# Task description
Below are some entries. Transcribe the lines from the one holding "ハープとオーケストラENYA風ヒーリングの再生済みの波形" to the one holding "effect RT 大会レポート", inclusive, but not the pictures among them.

# Data for analysis
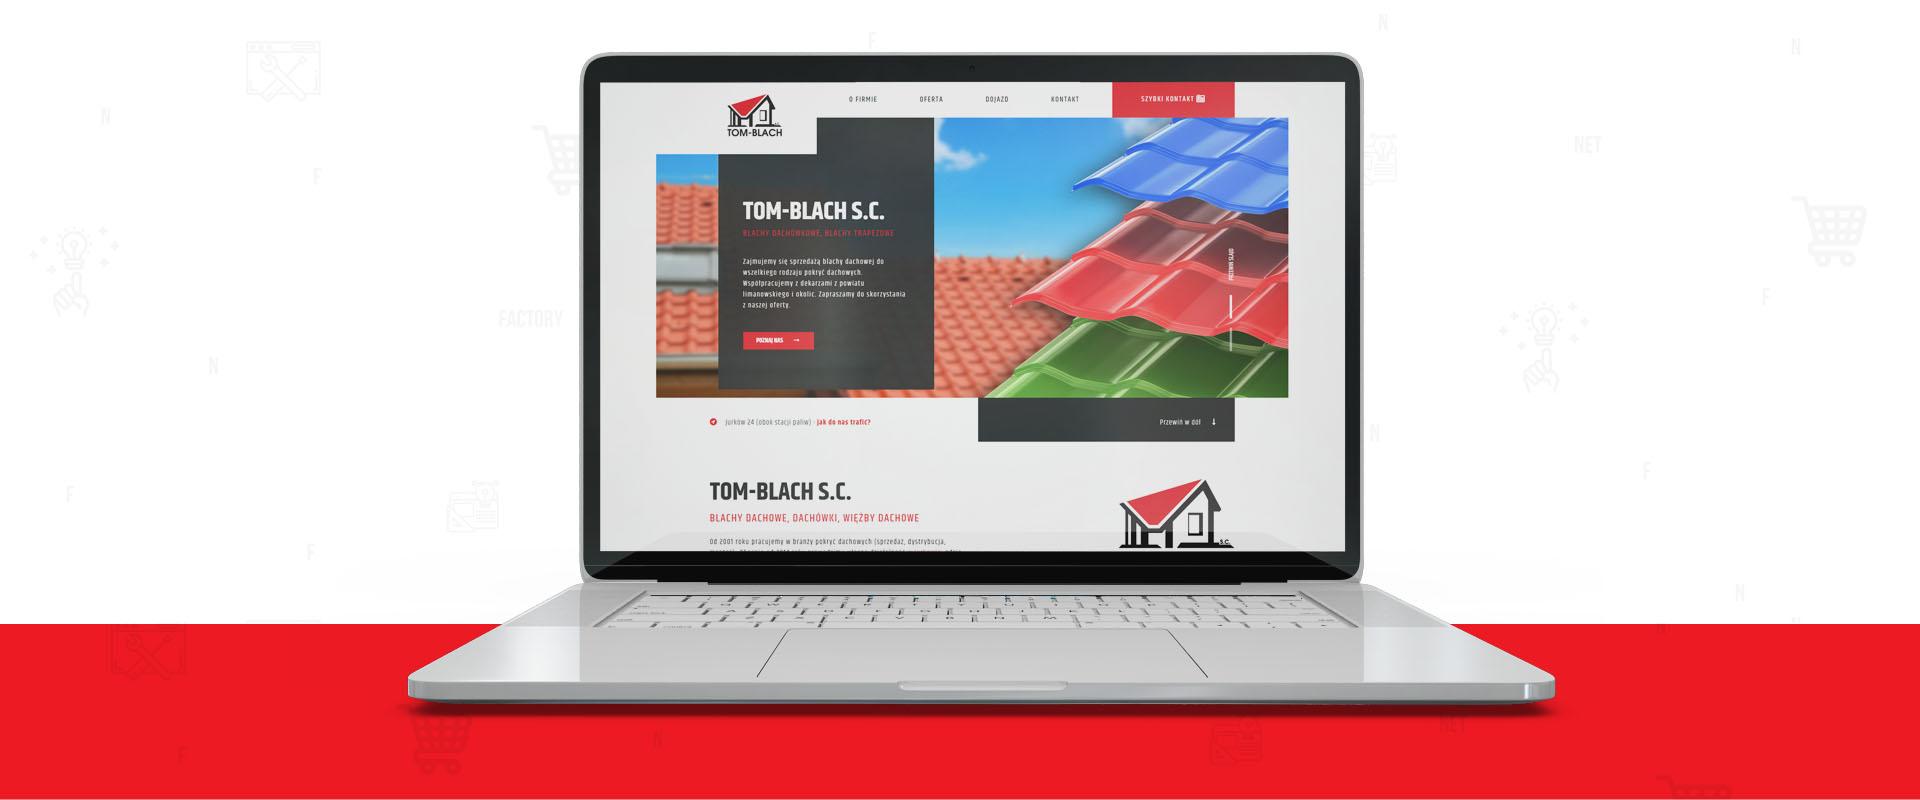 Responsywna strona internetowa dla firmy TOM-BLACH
==
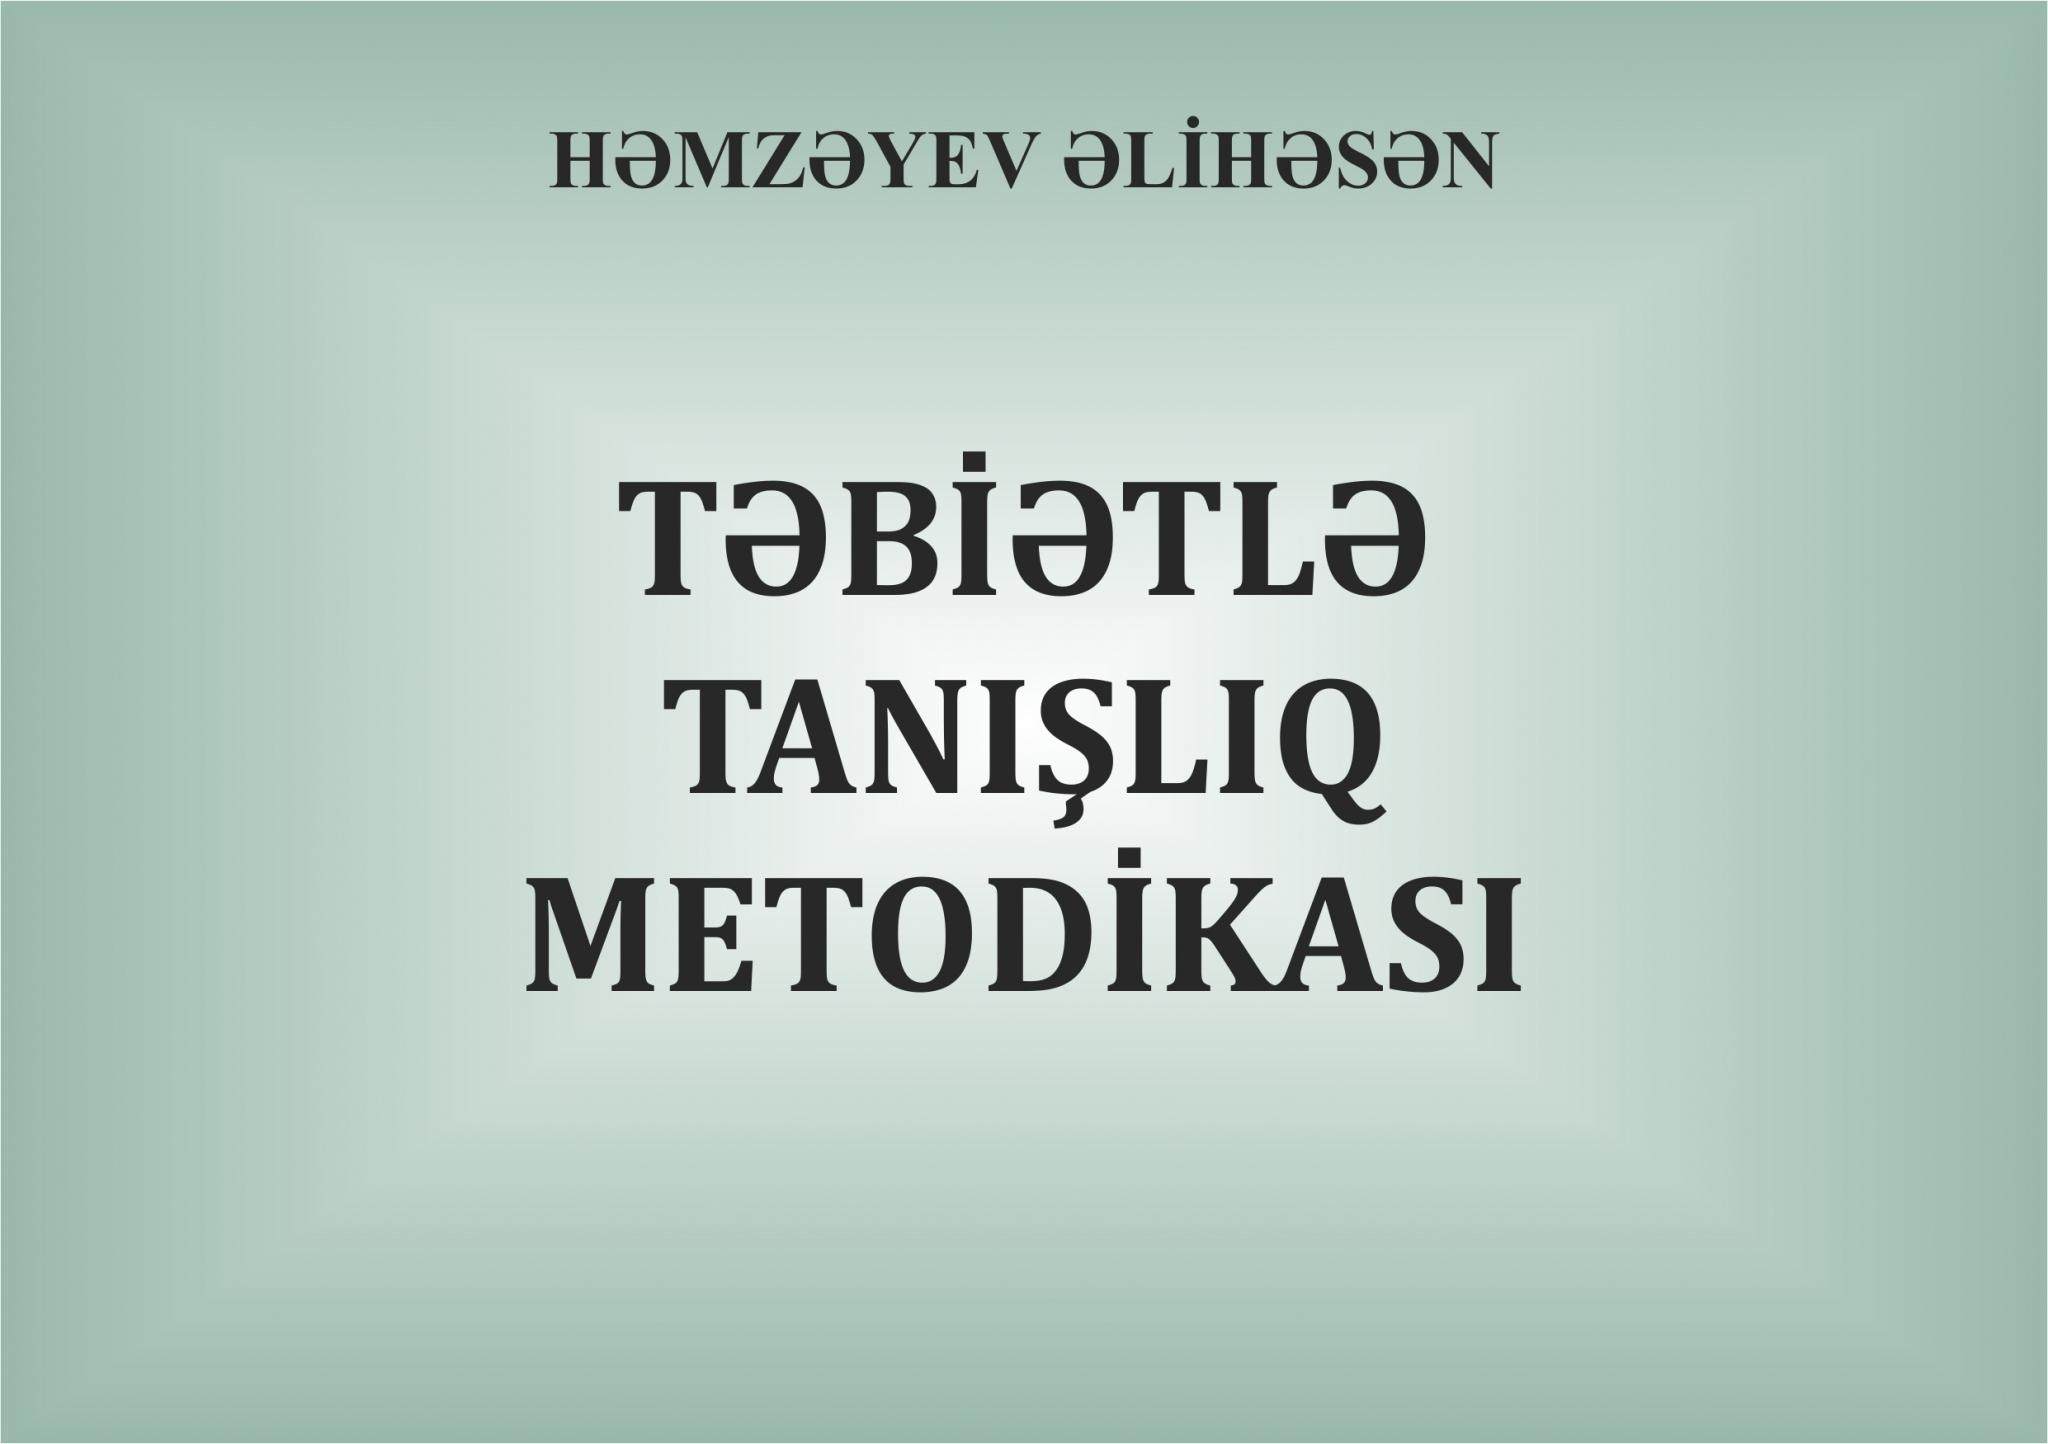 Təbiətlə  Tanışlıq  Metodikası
* * *
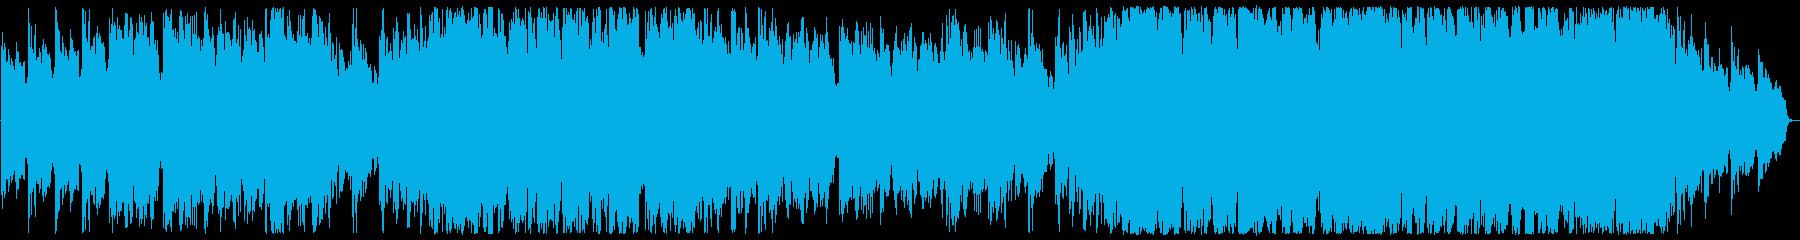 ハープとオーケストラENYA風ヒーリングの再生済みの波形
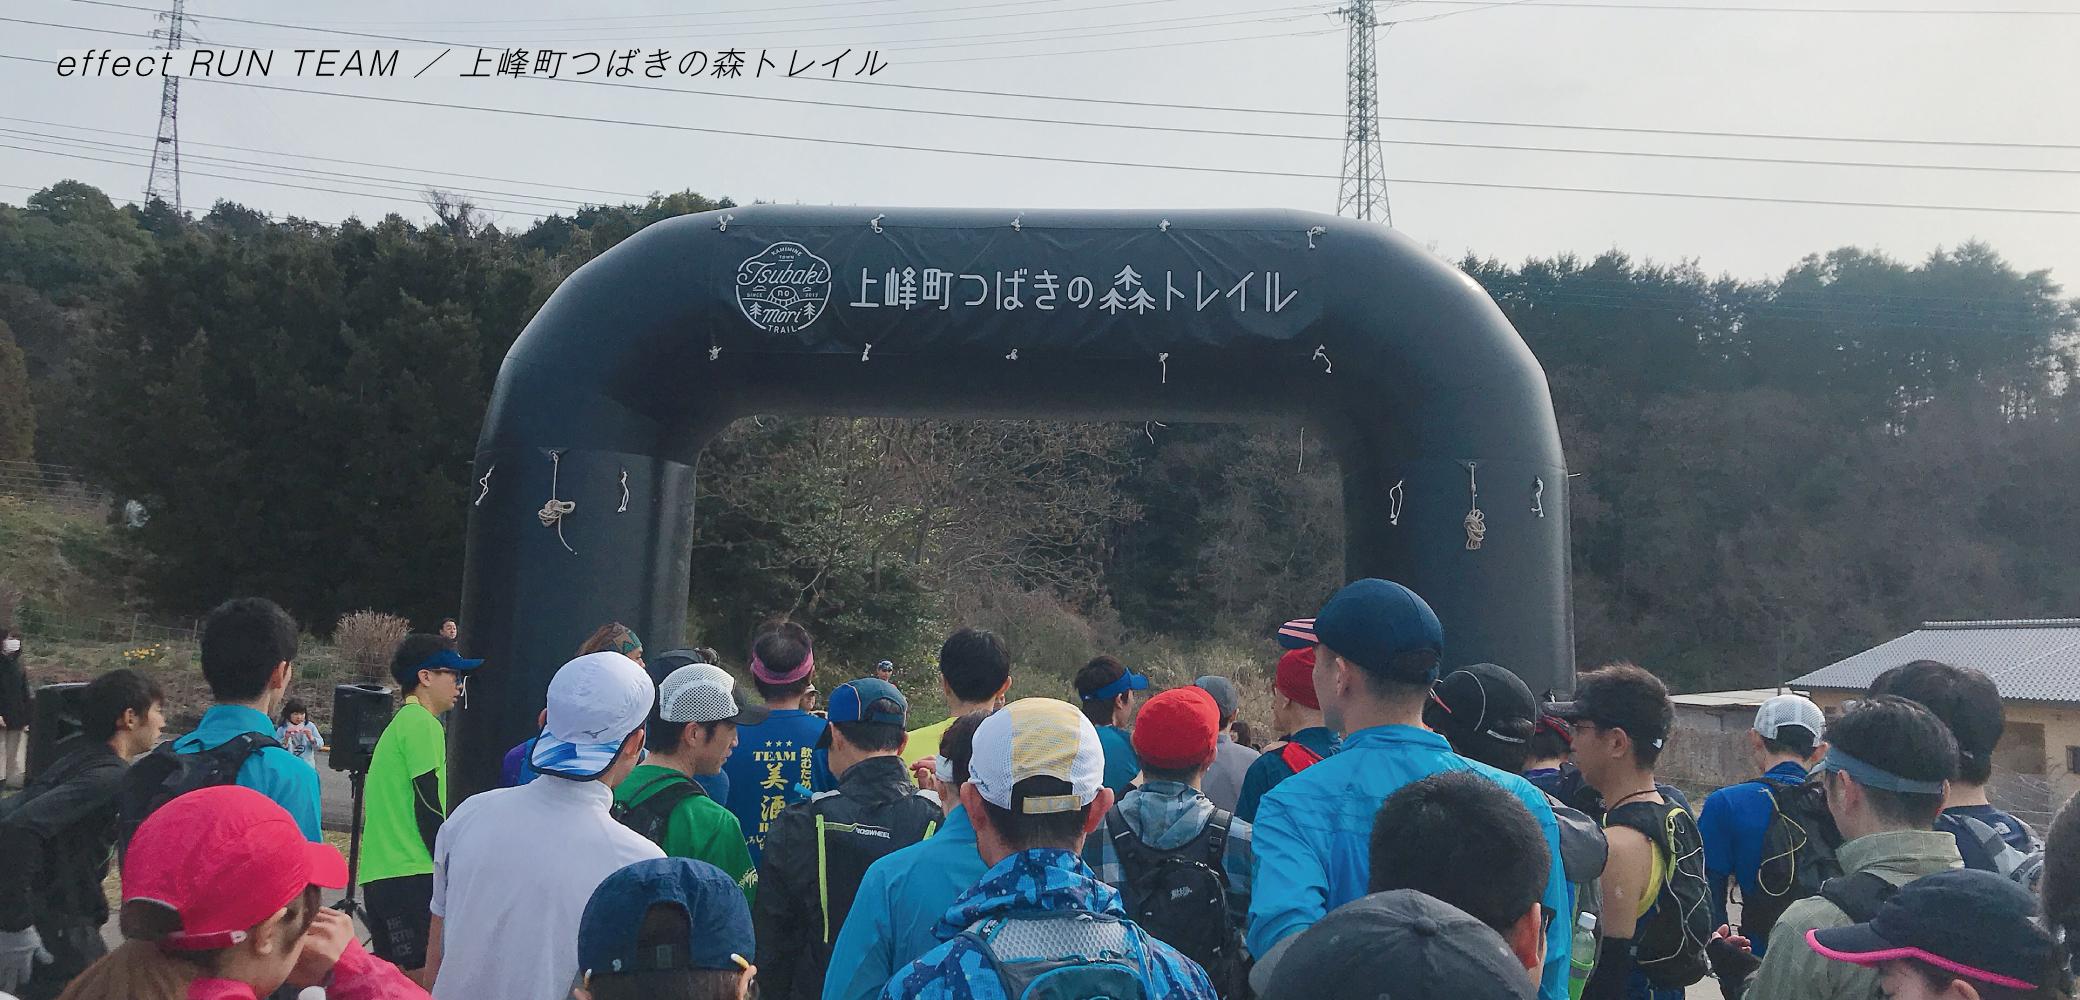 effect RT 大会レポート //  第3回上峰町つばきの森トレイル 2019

# Result of the task
 ハープとオーケストラENYA風ヒーリングの再生済みの波形
 effect RT 大会レポート //  第3回上峰町つばきの森トレイル 2019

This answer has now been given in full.